03 - In a bowl, mix rice vinegar, sugar, and salt. Gently fold the mixture into the cooked rice. Spread the rice evenly in a greased 9x13-inch baking dish.
04 - In a mixing bowl, combine flaked salmon, shredded imitation crab (if using), cream cheese, mayonnaise, Sriracha, and soy sauce. Mix thoroughly until creamy and well combined.
05 - Spread the seafood mixture evenly over the rice layer. Sprinkle shredded mozzarella cheese evenly on top.
06 - Bake in the preheated oven for 20 to 25 minutes, or until the cheese is golden and bubbly.

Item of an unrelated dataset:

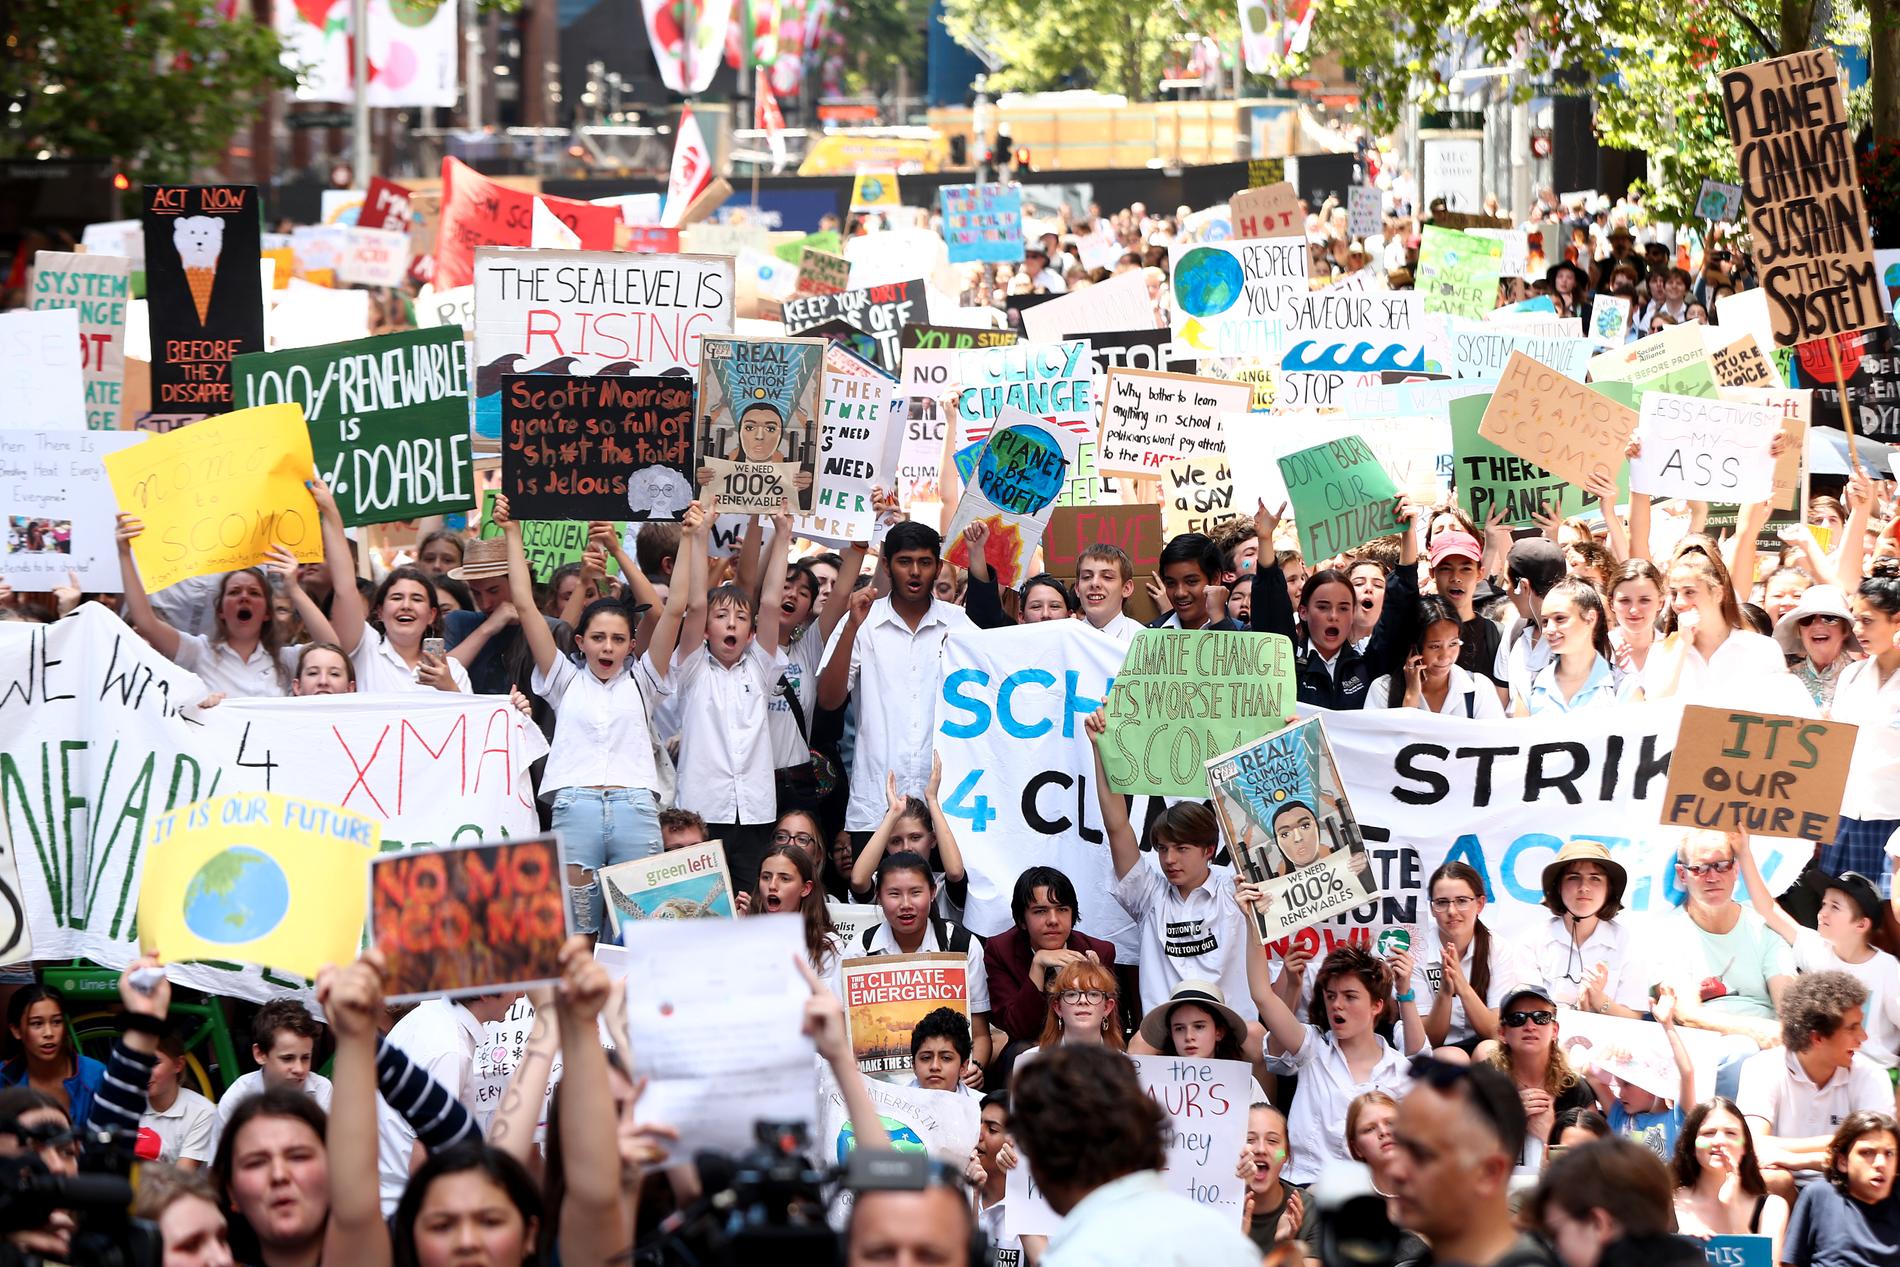 Svenska Greta Thunberg har inspirerat studenter i Australien att strejka från skolan för att uppmärksamma klimatförändringarna. Sydney, Australien.

07 - Remove from oven and garnish with toasted sesame seeds, sliced scallions, and nori strips. Serve warm, optionally accompanied by sliced avocado, cucumber, and pickled ginger.

# Expert Advice:

01 -
  • It tastes like sushi but feels like comfort food, with zero rolling skills required.
  • You can prep everything while your oven preheats, making it genuinely fast for a dinner that impresses.
  • Leftovers stay delicious cold straight from the fridge, perfect for lunch the next day.
02 -
  • Spreading the rice while it's still warm is essential—once it cools it becomes impossible to work with.
  • Don't skip toasting your sesame seeds yourself; the difference between raw and toasted is the difference between bland and unforgettable.
  • Your cream cheese absolutely must be softened, or you'll end up with chunks instead of a creamy sauce.
03 -
  • Make the sushi rice a few hours ahead and let it cool to room temperature before assembling—it spreads more easily and the flavors settle in.
  • If you're cooking for a crowd, you can assemble the whole thing the night before, cover it, refrigerate it, then bake it straight from the fridge, adding just five extra minutes to the baking time.